The biggest obvious flaw with online education, from what I can tell, is that it's harder to keep people motivated when they're doing their work from their living room, and/or aren't literally surrounded by peers working on the same projects, and don't have as personal a connection with their teacher.

What existing tools do we have to combat this and how well do they work, and are there alternatives in development?

I'm no Peter Norvig, but this is the discussion section after all....

One tool that may or may not have a place in online education is gamification. To put a long story short, the gaming industry has gotten plenty of practice motivating people to keep going, even at tasks that wouldn't necessarily be the most interesting. Other industries have finally noticed this, and started trying it out to see which concepts from gaming carry over well to other fields. I don't personally know of any research specific to education, but would be interested if anything relevant was found

An enthusiastic, low-level introduction to gamifying education: http://www.penny-arcade.com/patv/episode/gamifying-education

Perhaps it would be good to remind people that "learning online" is not a synonym for "learning alone". There are a few ways to learn together. The difficult part is to find people who want to learn the same thing at the same time.

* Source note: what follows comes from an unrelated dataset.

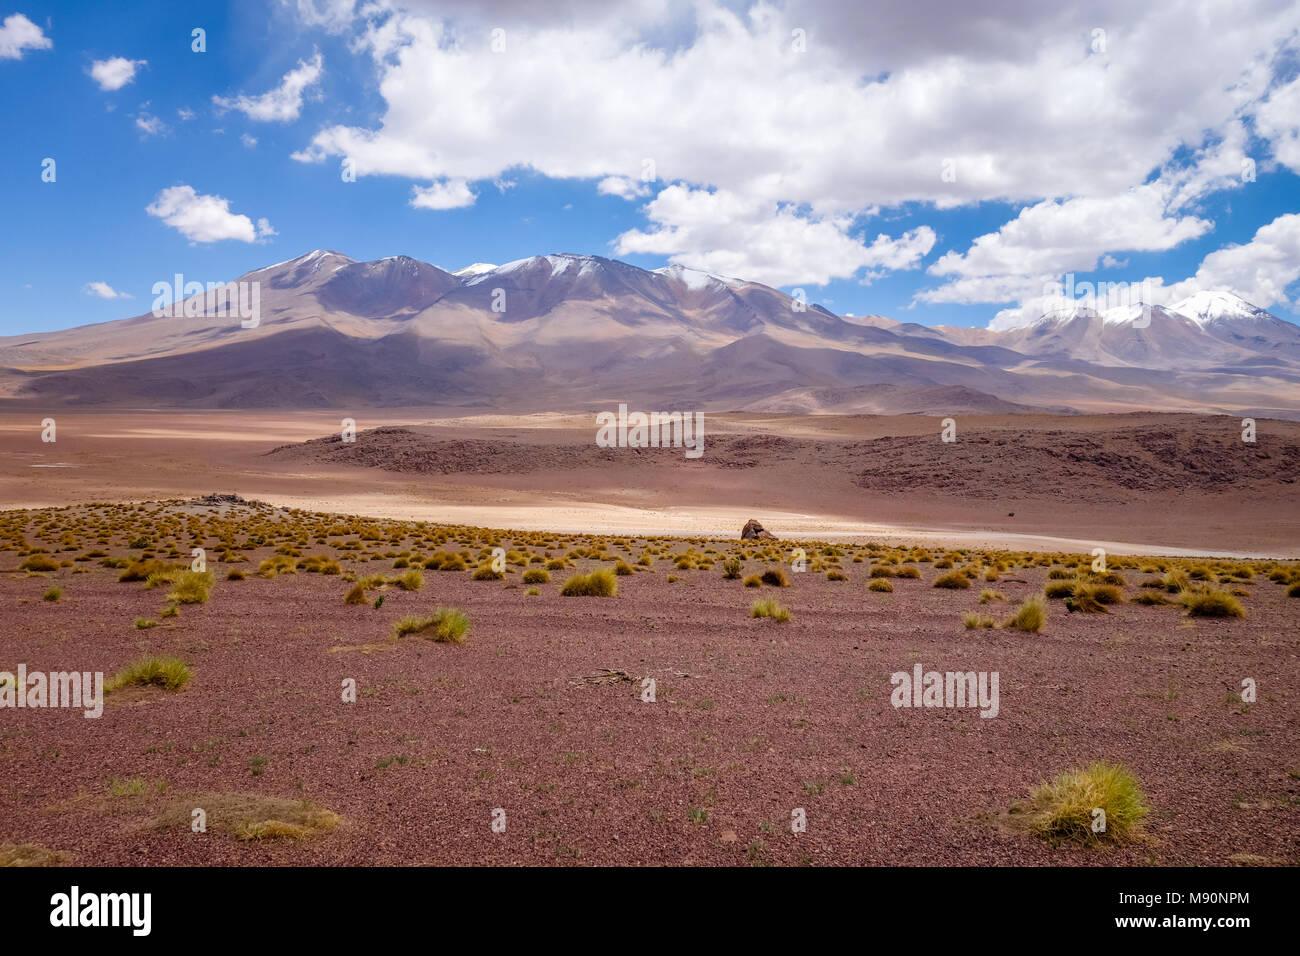 Altiplano mountains in sud Lipez reserva Eduardo Avaroa, Bolivia - Stock Image
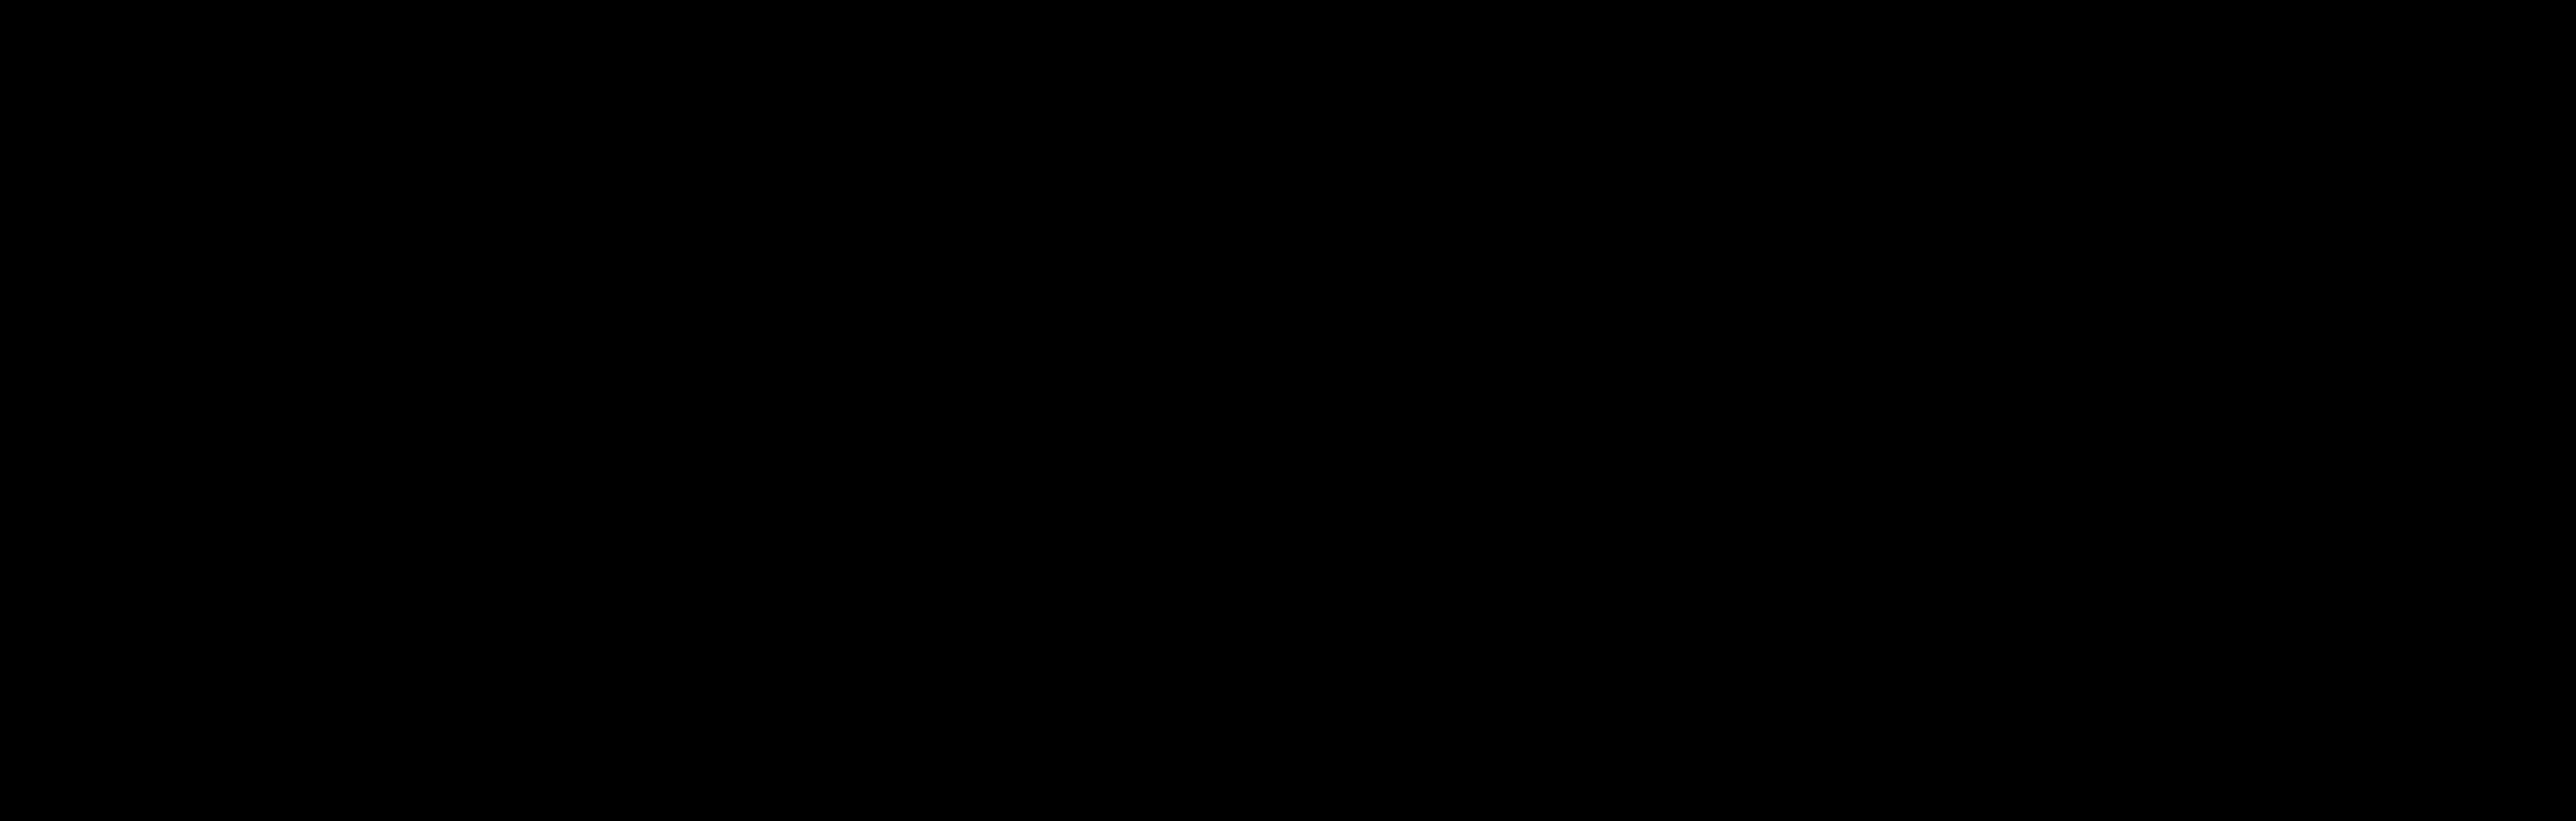 SET Dřez SCHOCK Formhaus D-100 Nero + baterie Cosmo Chrom 525001

1) People can watch the online lessons together; literally in the same room, looking at the same computer screen. If the computer gives you questions, first write your answers on a piece of paper, and when everyone has an answer written, show each other your answers, optionally discuss, and then write some result on a computer.

2) People can agree to do one lesson online alone, then meet and discuss that one lesson together. Or they can have one meeting per N lessons, or simply meet when necessary -- but at least once, at the end of the course. (You could use a Google spreadsheet to write who has completed which lessons, and who wants to discuss which lesson.)

For small children, parents can do (1) with them, or arrange (2) with other parents.

No question just a comment: I took their AI class and dropped it in short order. Norvig and Thrun are seriously fucking awful teachers. The guy who did the machine learning class was quite good, however.

[-][anonymous]30

Norvig and Thrun are seriously fucking awful teachers.

I enjoyed the AI class a lot, possibly just because I find Peter Norvig and Sebastian Thrun fucking awesome in general or because it was my first exposure to AI in general. Though yeah Ng's class was better done overal, his experience with giving online lectures showed and the programming exercises where great.